• Body style: 2-door subcompact
• Dimensions: Undisclosed
• Seats: 2
• Drivetrain: Battery electric
• Top speed: 25 mph
• Estimated range: 100 miles
• Production run: About 100 vehicles
Through five years and 700,000 miles of testing, Google left one big question about its self-driving car technology unresolved: How would it fit into the rest of the auto industry?
Finally last week, in the form of a cute-as-a-koala electric buggy, came an answer: It won't.
Everything about the new test program that Google co-founder Sergey Brin revealed last week, from the design of its two-seat prototypes to the decision to test them on city streets instead of highways, points toward a personal transportation system that directly challenges the driver-centered, ownership-based business model the auto industry has relied on for a century.
"If you look at a vehicle purchase today, it's the second largest purchase most people in America make, and it's a resource that basically sits idle for 95 percent of the time," Christopher Urmson, the director of Google's self-driving cars project, told reporters. "It's kind of a poor capital investment, in some senses."
Google's idea of a killer app, therefore, is not a more accurate map or sensor to assist the driver but rather a vehicle that targets a pressing need for urban mobility without the need for a driver or driving at all. It envisions a network of self-guided, battery-powered vehicles standing ready in urban areas, able to be summoned with a tap on a smartphone and capable of taking their passengers to any destination.
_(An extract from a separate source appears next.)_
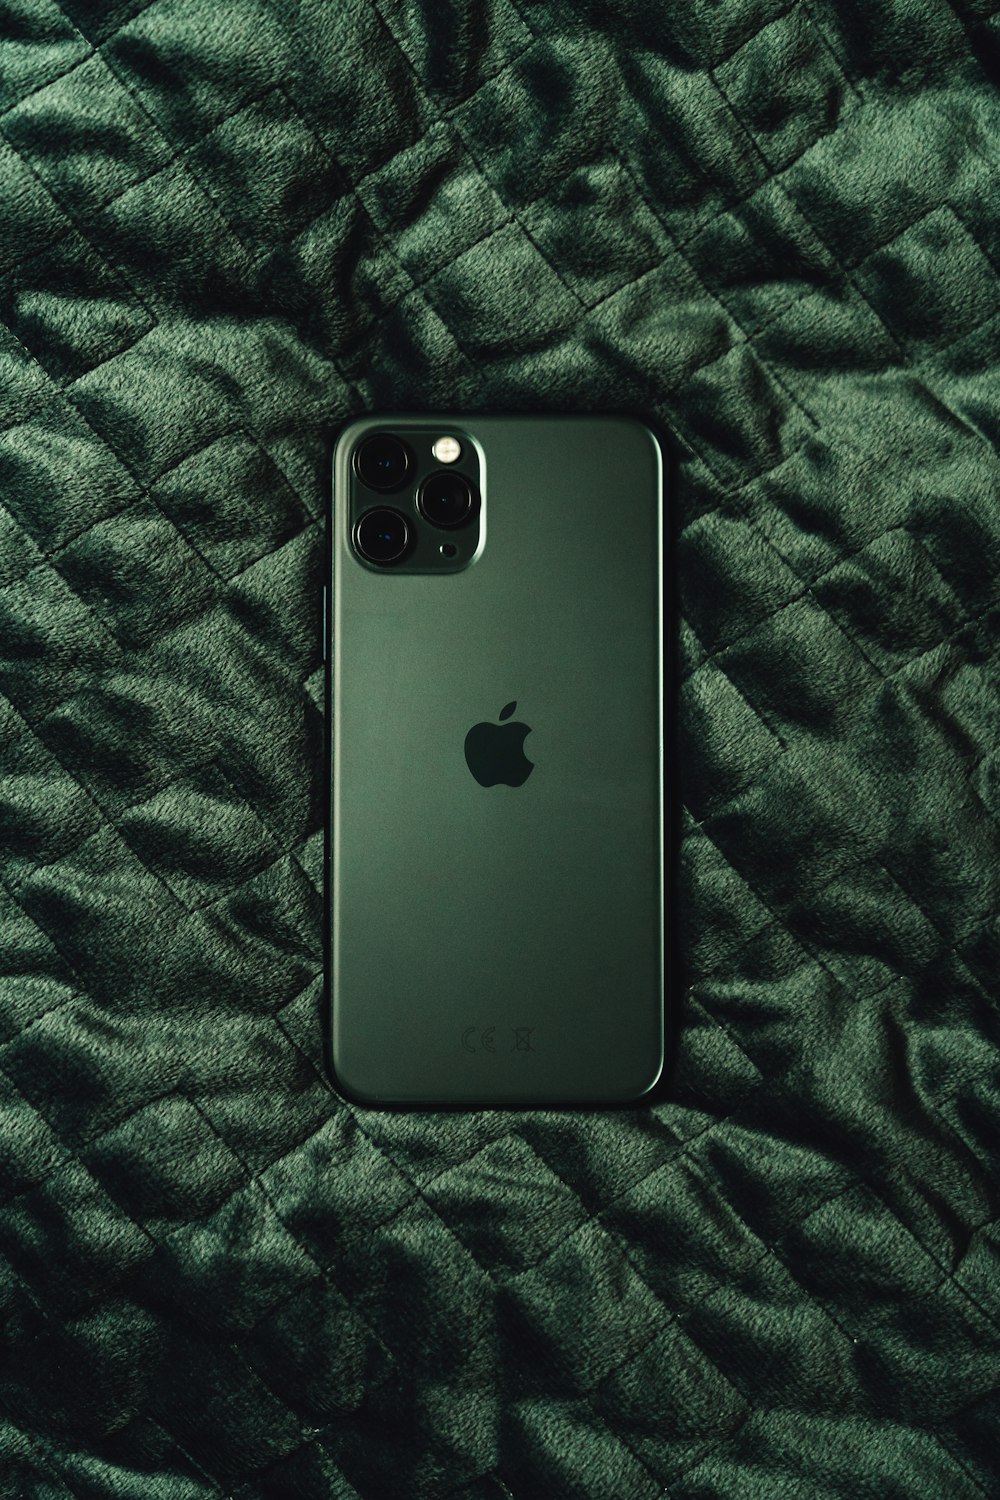 Apple Iphone 11 Pro Pictures Download Free Images On Unsplash

If that sounds a bit like Uber with no one at the wheel, that may well be the point. Last year, Google led a $258 million investment in the on-demand taxi service through its Google Ventures capital arm.
Uber CEO Travis Kalanick acknowledged the connection at a conference last week in California. "When there's no other dude in the car," the blog TechCrunch quoted him as saying, in reference to the driver, "the cost of taking an Uber anywhere becomes cheaper than owning a vehicle."
Google ultimately may try supplying its software and maps to the mainstream auto industry, but car-sharing could offer the company and its technology a more direct route to the marketplace.
"All along, we've all been speculating about Google," said consultant Richard Bishop, who led the U.S. Department of Transportation's vehicle automation program in the 1990s. "We've known they're building very capable technology, but the question has been: What are they going to do with it? Here's a concrete use case -- the autonomous taxi -- that has significant potential, whether Google is the one who does it or not."
To prepare its autonomous cars to handle all sorts of urban driving scenarios, Google has commissioned a fleet of about 100 custom-built prototypes, which Urmson said will appear on California's public roads by year end.
Though current testing regulations require that a driver sit behind the wheel, Google's vision -- as depicted in its publicity materials -- is for the cars eventually to have no steering wheel or pedals.
Automakers such as Daimler AG and Volvo also are aggressively pursuing autonomous vehicles to make cars safer, improve mobility for blind and elderly people and make traffic jams and commutes less tiresome.
But none of those automakers envisions eliminating the role of the driver altogether.
Google does. It says it isn't confident enough about the handoff of controls to maintain a role for the driver in a self-driving car. Human factors research suggests that once people gave up control of a vehicle, they would be too trusting, Urmson said, and wouldn't be prepared to retake the controls quickly when they were needed.
Rather than taking a shot at "debugging the human," Google decided to go for a fully autonomous car.
Autonomous, that is, within certain human-defined limits. Google's custom-built prototypes will be electronically limited to 25 mph and will never go on highways. They will be designed as "neighborhood" vehicles under U.S. regulations, exempting them from many crash-safety standards. And they will have emergency buttons for pulling over and shutting down.
"We've built in occupant protection and pedestrian protection and tried to tailor it to the environment we'll actually be operating in," said Ron Medford, the project's safety director, who was deputy administrator of the National Highway Traffic Safety Administration before joining Google in 2013.
Kara Kockelman, a transportation engineering professor at the University of Texas, said Google's decision to contain its experiment to cities makes sense. The risk of injuries there is lower because traffic moves slowly, she said, and the higher population density means self-driving vehicles could spend more time carrying passengers and less time sitting idle.
"In many ways," Kockelman said, "cities are where we expect to see them first."
Rather than partnering with a major automaker, Google signed up Roush Enterprises of suburban Detroit to build its prototypes, according to a report last week by Crain's Detroit Business, a sibling publication of Automotive News.
That's largely in line with Google's corporate ethos. Brin, the company's co-founder, acknowledged last week in an interview with The New York Times that car companies are working on partially autonomous driving features, but he suggested that the pace of change was too gradual for Google.
"That stuff," Brin said, "seems not entirely in keeping with our mission of being transformative."